Items from a data source
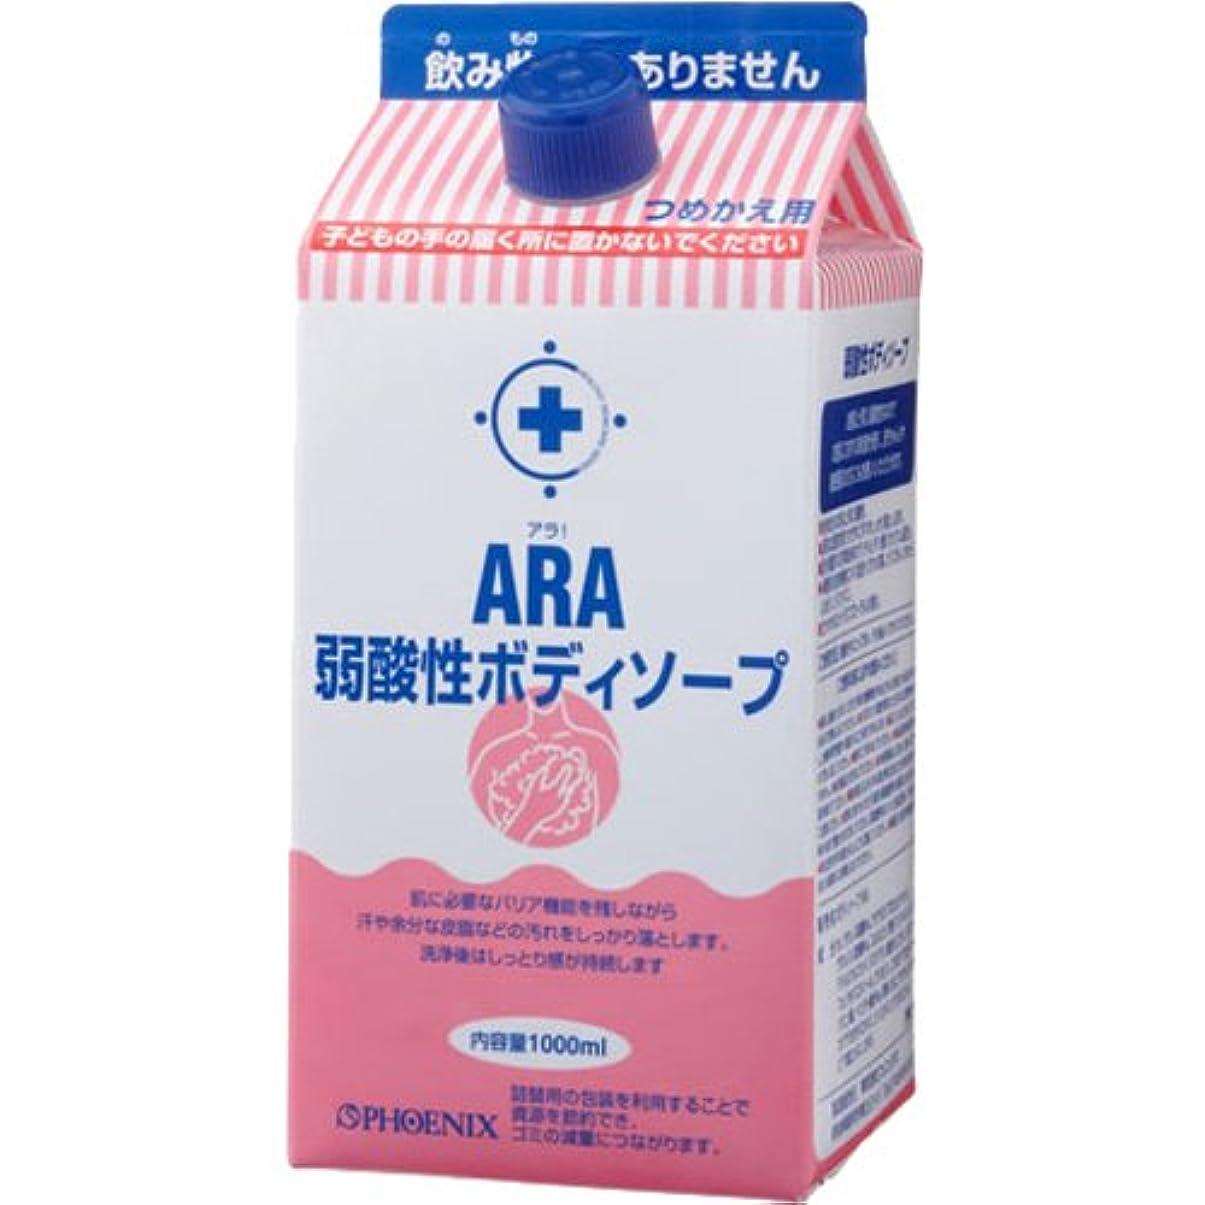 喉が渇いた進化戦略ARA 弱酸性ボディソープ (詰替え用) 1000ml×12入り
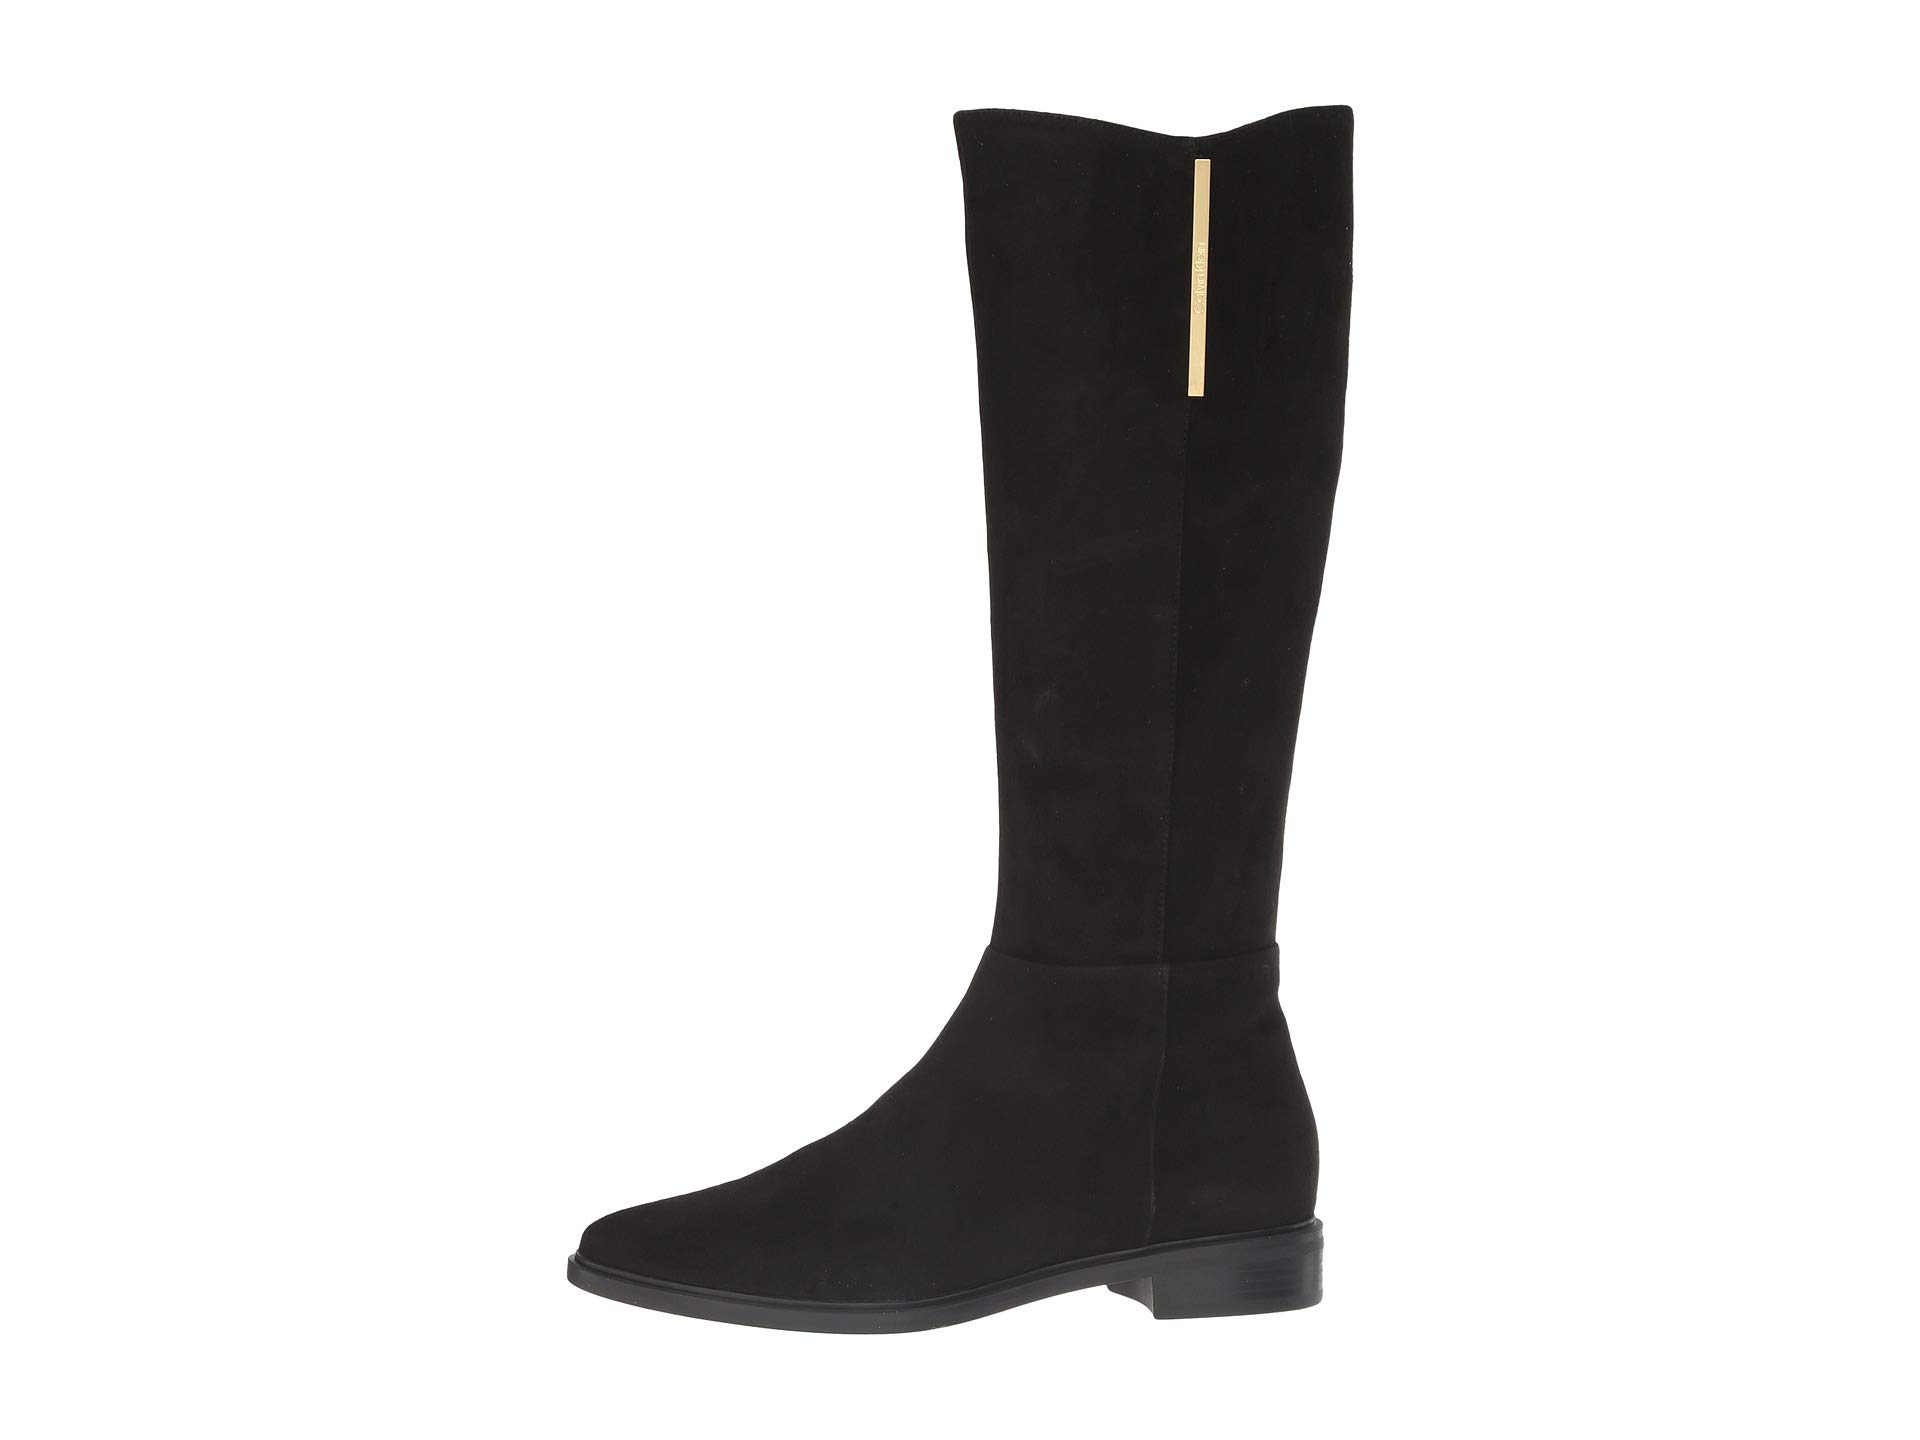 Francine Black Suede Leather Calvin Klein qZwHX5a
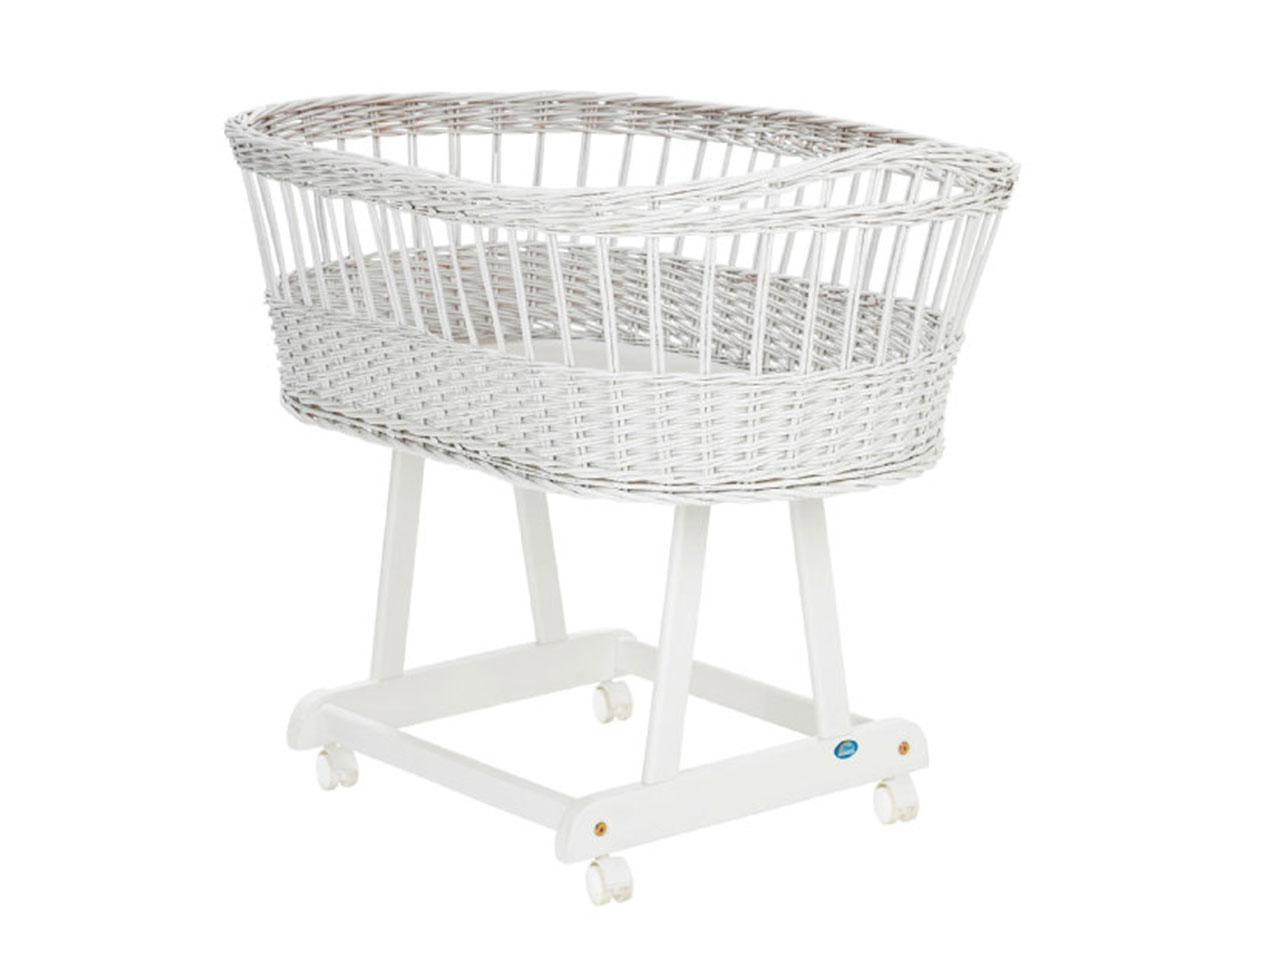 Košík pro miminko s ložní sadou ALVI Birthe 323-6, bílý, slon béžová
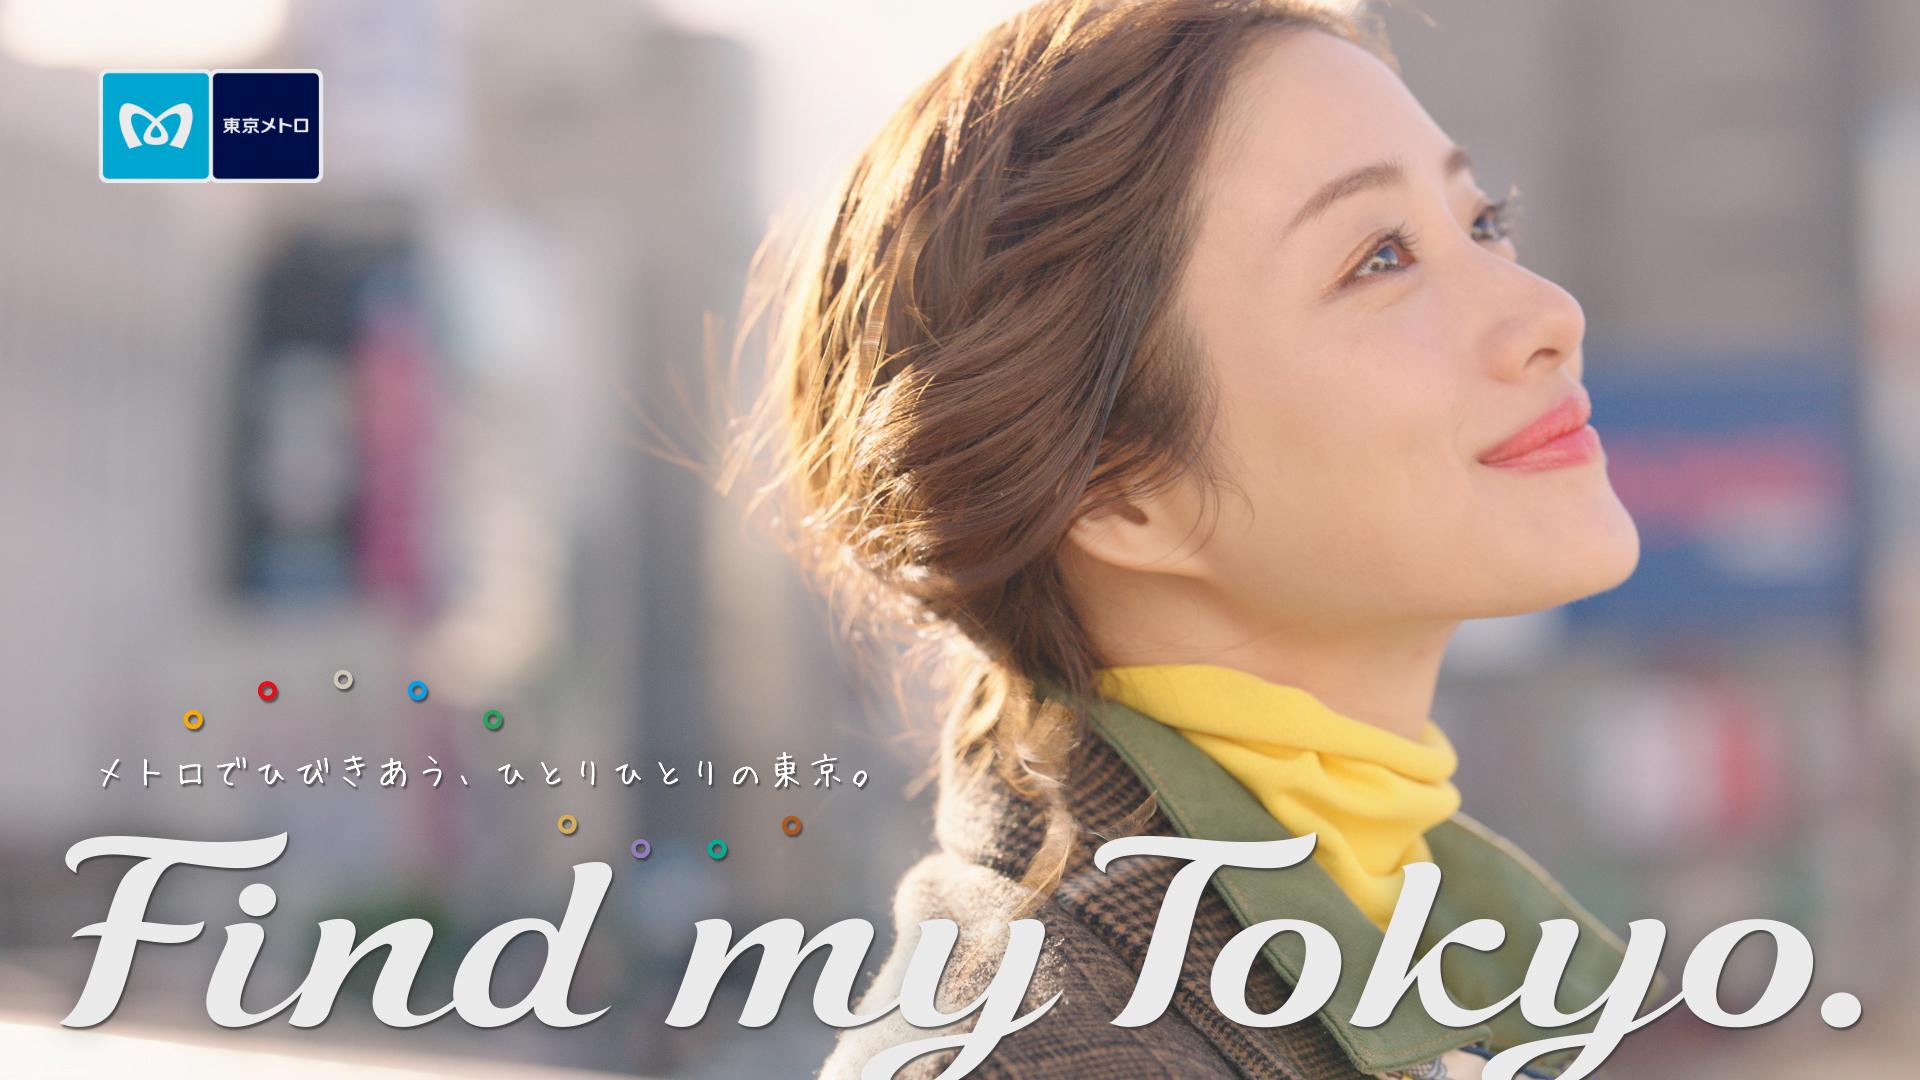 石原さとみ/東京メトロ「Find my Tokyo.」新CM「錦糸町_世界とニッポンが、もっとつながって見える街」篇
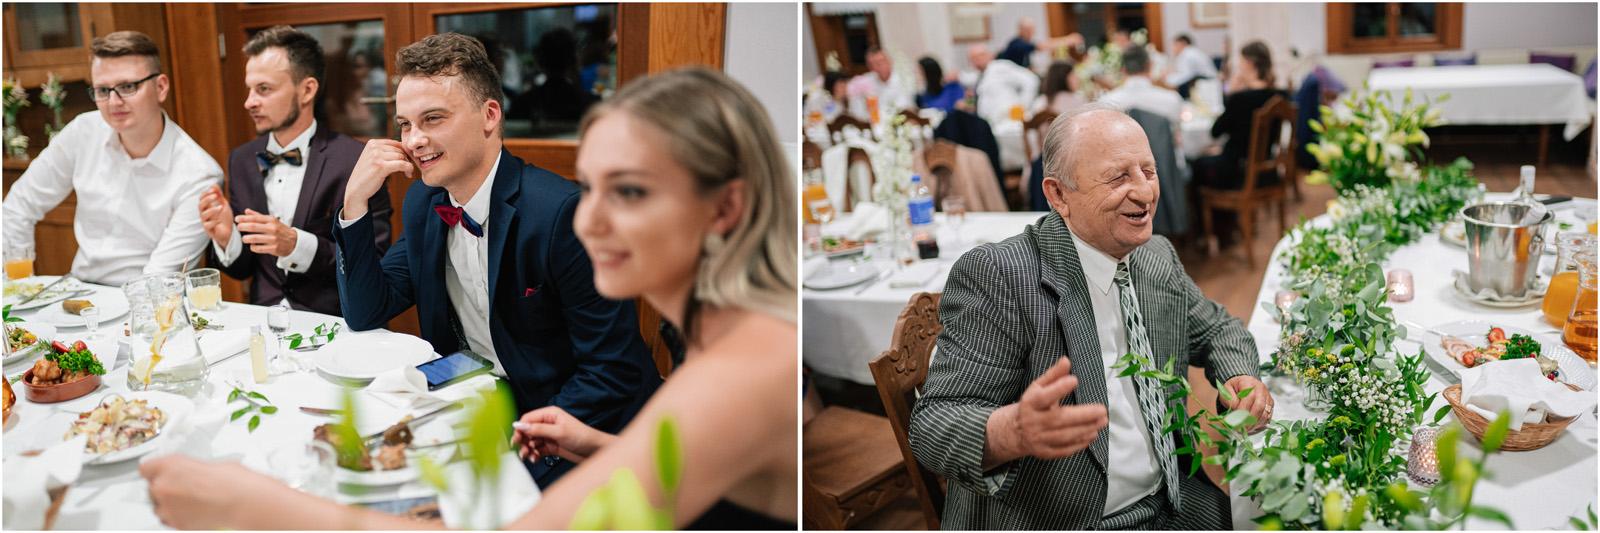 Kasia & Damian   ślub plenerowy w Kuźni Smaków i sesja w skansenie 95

▶ **Action item**
Exact repetition of all the records is required, with the pictures excluded.

▶ **Answer below**
 喉が渇いた進化戦略ARA 弱酸性ボディソープ (詰替え用) 1000ml×12入り
 Francine Black Suede Leather Calvin Klein qZwHX5a
 Košík pro miminko s ložní sadou ALVI Birthe 323-6, bílý, slon béžová
 石原さとみ/東京メトロ「Find my Tokyo.」新CM「錦糸町_世界とニッポンが、もっとつながって見える街」篇
 Kasia & Damian   ślub plenerowy w Kuźni Smaków i sesja w skansenie 95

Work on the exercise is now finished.